Мои слова, сказанные в лоб, шокировали нас обоих, и несколько секунд мы молчали. Меня, конечно, занесло, но зато я выложила ему всю правду. Первым моим побуждением было извиниться, но слова, еще висевшие в воздухе, чем дальше, тем больше наполнялись смыслом, и забирать их назад мне как-то расхотелось. Мы оба понимали, к чему идет дело, но от этого произнести вслух следующую фразу было не легче. В нашем городе в подобных ситуациях люди обычно вцепляются друг другу в глотку мертвой хваткой. Убить человека из-за карманной мелочи, а тем более из-за жилья — это здесь пара пустяков. То, что этого не сделали мы, вероятно, объяснялось простым обстоятельством: мы оба были иностранцами. Этот город был для нас чужим. Мы выросли в другой стране, и уже одно это рождало ощущение, что мы знакомы. Так, во всяком случае, мне казалось. Тот факт, что судьба свела вместе двух посторонних людей, свидетельствовал о некой высшей логике, о действии внешней, не зависящей от нас силы. Я сделала прозрачный намек, выходивший за рамки приличий, с бухты-барахты, по сути, предложила интимную близость, и Сэм промолчал. Это было выразительное молчание, и чем дольше оно длилось, тем сильнее подтверждались мои слова. К концу нашего разговора все уже было ясно.
— Тут так тесно. — Сэм обвел рукой свою клетушку. — Где ты собираешься спать?
— Не важно. Что-нибудь придумаем.
— Уильям иногда говорил о тебе. — Губы Сэма дрогнули в улыбке. — Он даже предупреждал меня: «Держись от моей сестренки подальше. Огонь девка». Это правда, Анна Блюм? Что ты огонь?

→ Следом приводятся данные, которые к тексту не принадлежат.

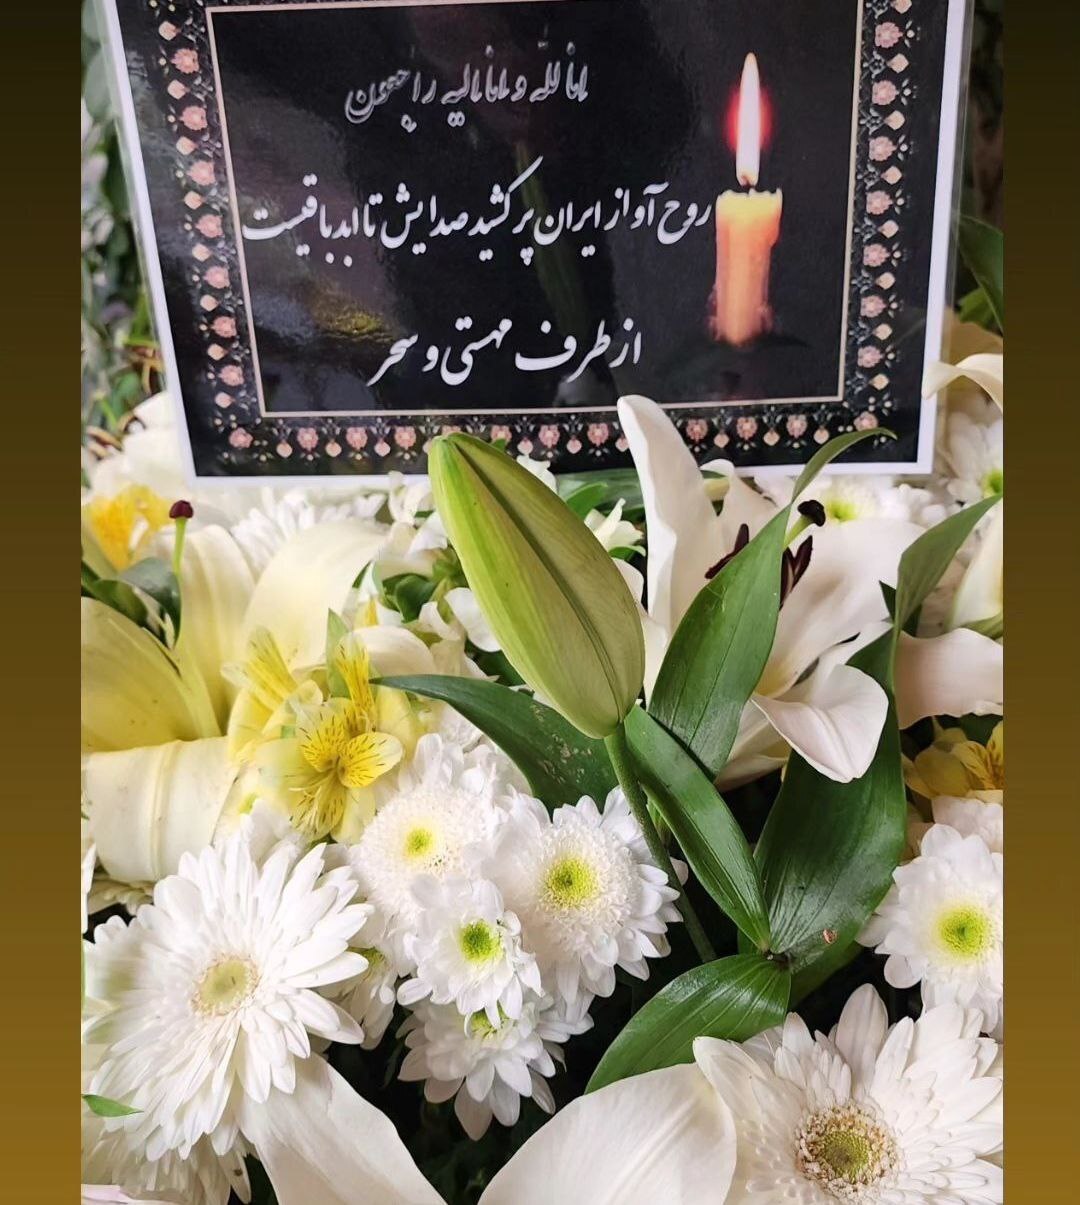 دسته گل های خانواده مهستی و هایده برای زنده یاد اکبر گلپا

— Я знаю, о чем вы думаете. Не беспокойтесь, я не стану для вас помехой. Не дурочка, все понимаю. Я неплохо пишу, быстро соображаю. Со мной вы быстрее закончите свою книгу.
— Анна Блюм вламывается ко мне с улицы, плюхается на мою постель и говорит, что я разбогатею. И после этого я должен о чем-то беспокоиться?

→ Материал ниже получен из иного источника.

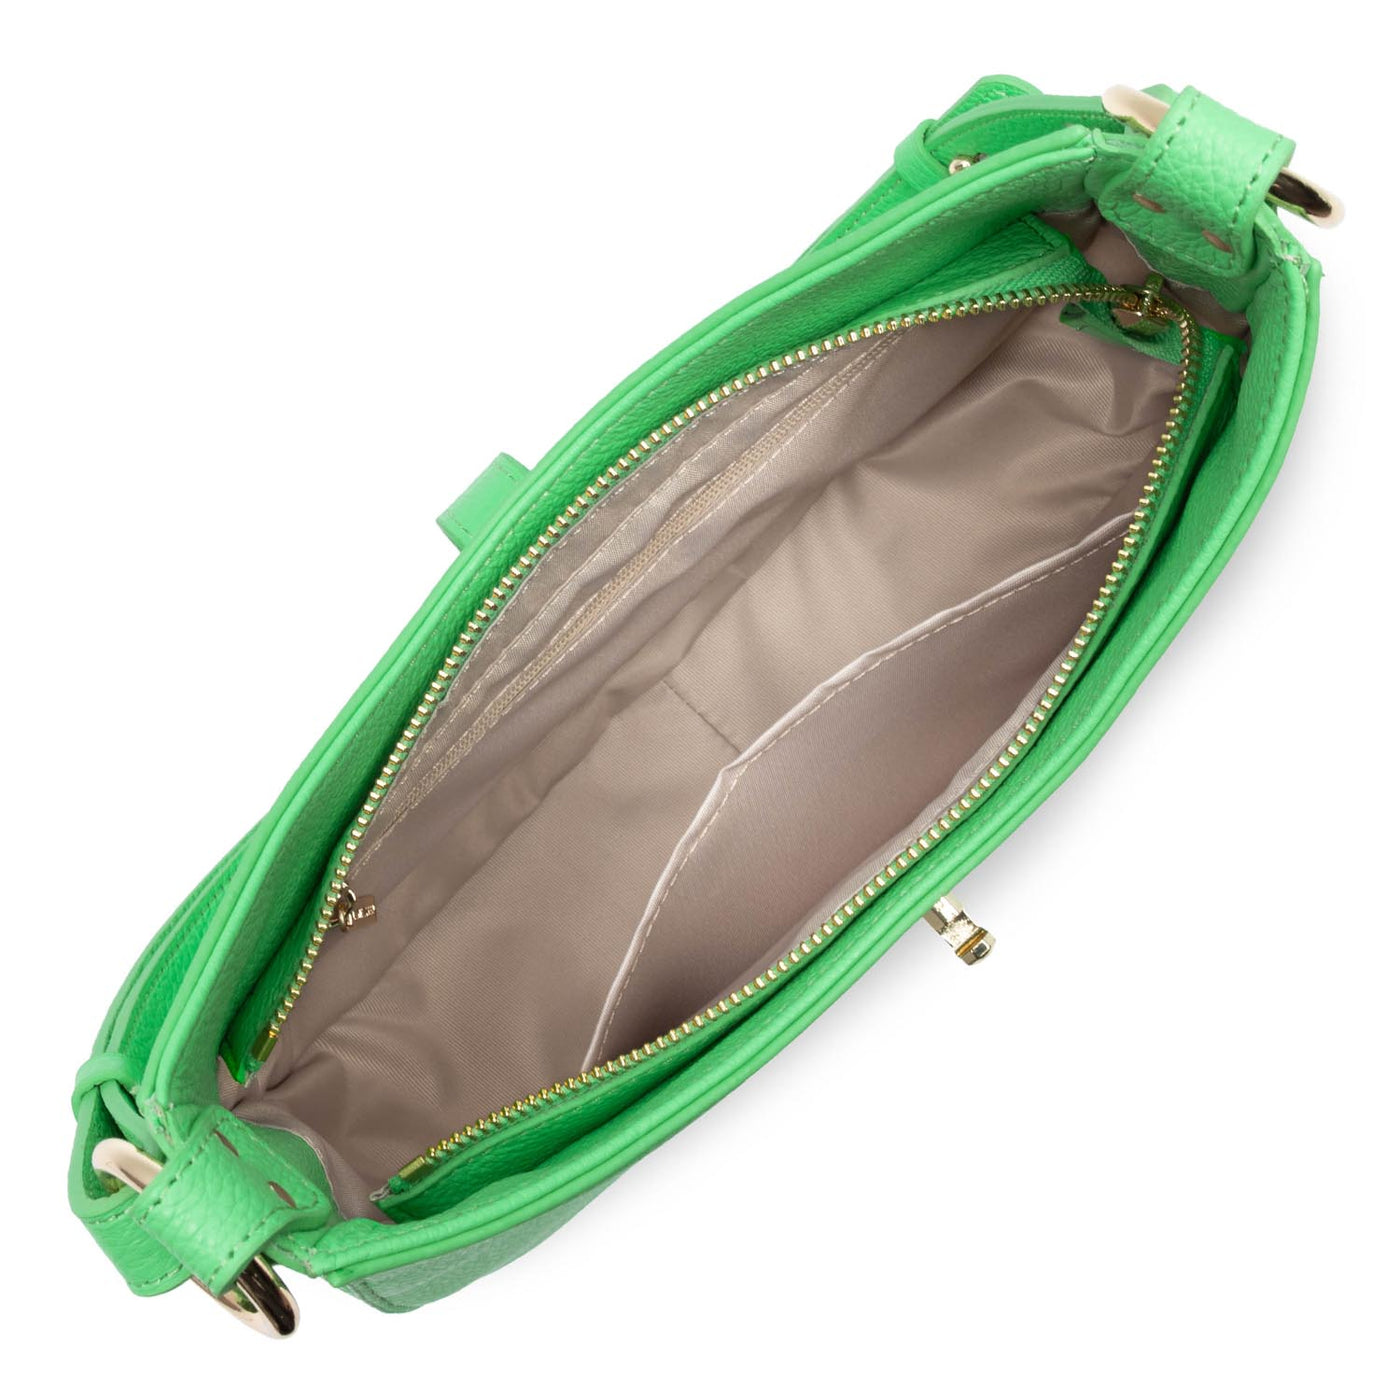 m shoulder bag - foulonné milano #couleur_vert-colo

— Не преувеличивайте мое богатство. Каких-то двести семьдесят пять глотов или даже меньше.
— Я же говорю, разбогател.
— Как скажете.
— Вот именно. А еще я тебе скажу: нам обоим чертовски повезло, что пистолет не был заряжен.
Так я пережила Страшную Зиму. В течение шести месяцев комнатка Сэма стала для меня центром мироздания. Вряд ли ты удивишься, если я скажу, что мы спали в одной постели. Я не каменная, и когда на третью или четвертую ночь это произошло, мы, не сговариваясь, сказали, что глупо было ждать так долго. Поначалу это было пиршество тел, лихорадочное сплетение рук и ног, выброс перегретого пара. Потрясающие минуты освобождения. Мы набрасывались друг на друга, пока не падали в изнеможении. Но когда прошла первая горячка, вдруг выяснилось, что мы полюбили. Речь не просто о нежных чувствах или радостях совместной жизни. Мы оба по уши влюбились, сделались близкими людьми, настолько близкими, что мысль о расставании казалась невозможной.
Это была сказка. Лучшие дни моей жизни. Даже странно, что я могла быть счастливой в такие тяжелые времена, но рядом был Сэм, и это все меняло. Внешне мало что изменилось. Та же борьба за существование, бесконечные повседневные заботы, зато у меня появилась надежда, что рано или поздно все невзгоды останутся позади. Сэм знал город как свои пять пальцев. Он мог наизусть перечислить состав всех правительств за последние десять лет; имена губернаторов, мэров и даже мелких чиновников; он знал историю появления «таможен» и строительства электростанций; он мог в деталях рассказать о любой, даже самой маленькой секте. Он знал об этом городе все — и при этом твердо верил, что мы отсюда выберемся. Этой верой он заразил и меня. Сэм был не из тех, кто подстраивает факты, чтобы выдать желаемое за действительное. Профессиональный журналист, он приучил себя смотреть на мир со здоровым скепсисом. Никаких розовых очков, никакого витания в облаках. Если он говорил, что существует возможность вернуться домой, стало быть, знал, как это сделать.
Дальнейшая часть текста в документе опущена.